Just like strong currents at sea can be treacherous and even deadly, we need to be cautious when interacting with information irrespective of it's source. This isn't just a matter of emotional toll; it also takes a physical one. If there's something to this whole information warfare strategy having been deployed on the western countries, then we would know by registering within ourselves how we feel and how high or low our morale is after having engaged with a piece of content. I personally haven't met anyone who haven't been subjected to these very careful warfare information campaigns.

As Bob Dylan so aptly captured in his song: "The times are changing,” our information landscape is indeed evolving. Traditional media has been a cornerstone for centuries, with formats shifting over time. We've transitioned from the pioneering Gutenberg press to printed newspapers, which remained a dominant driver of public perception well into the 20th century.

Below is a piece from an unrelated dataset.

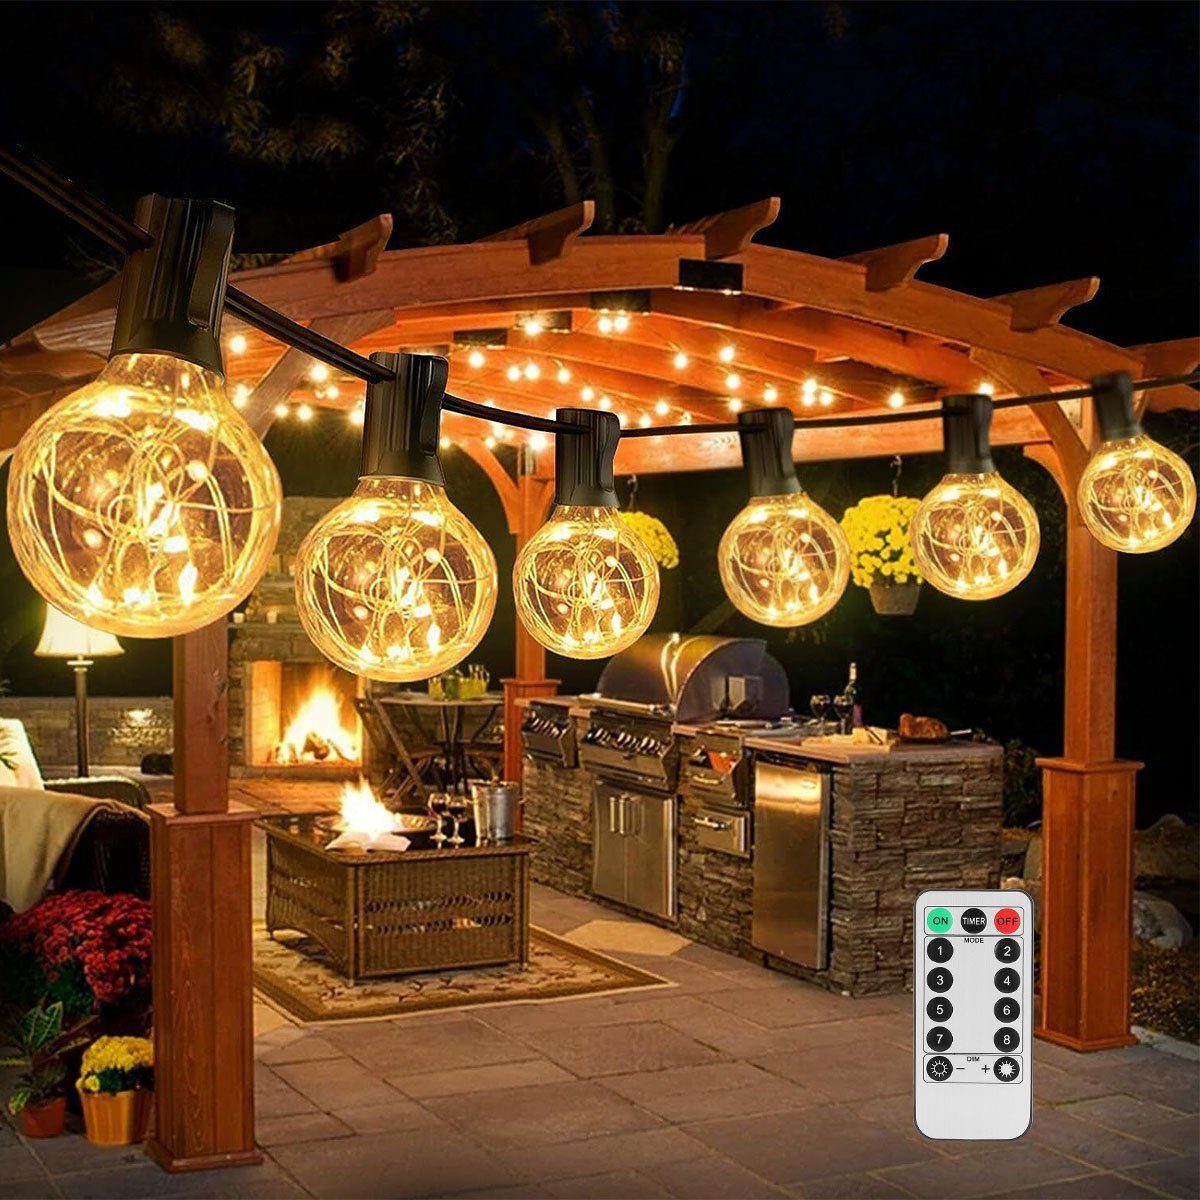 oyajia LED-Lichterkette LED Lichterkette Außen, 10M Lichterkette mit 25+2  Stk. G40 Glühbirnen, IP44 Wasserdicht Innen/Außen Lichterkette für Garten,  Terrasse, Party

As technology advanced, media adapted. Radio and television became ubiquitous in households, television, however, experienced a stunted growth due to the war efforts at the time, prompting newspapers to evolve once again. This marked a significant turning point, as the masses gained access to diverse sources of information. By World War II, people could stay informed about global events through radio reports, such as president Roosevelt's fireside chats, or catch up on the latest news at the cinema with heroic moving pictures of young men given their lives for to save their country from tyranny. How so much has changed, yet the same patterns keep reappearing time and time again.

Nearing the end of 2022, Elon Musk acquired Twitter, rebranded it as X, and gained access to a vast user base complete with a slew of bot accounts. In his words, which may be a footnote in the history books but are still significant:

You, the people, must be the media, as it is the only way for your fellow citizens to know the truth.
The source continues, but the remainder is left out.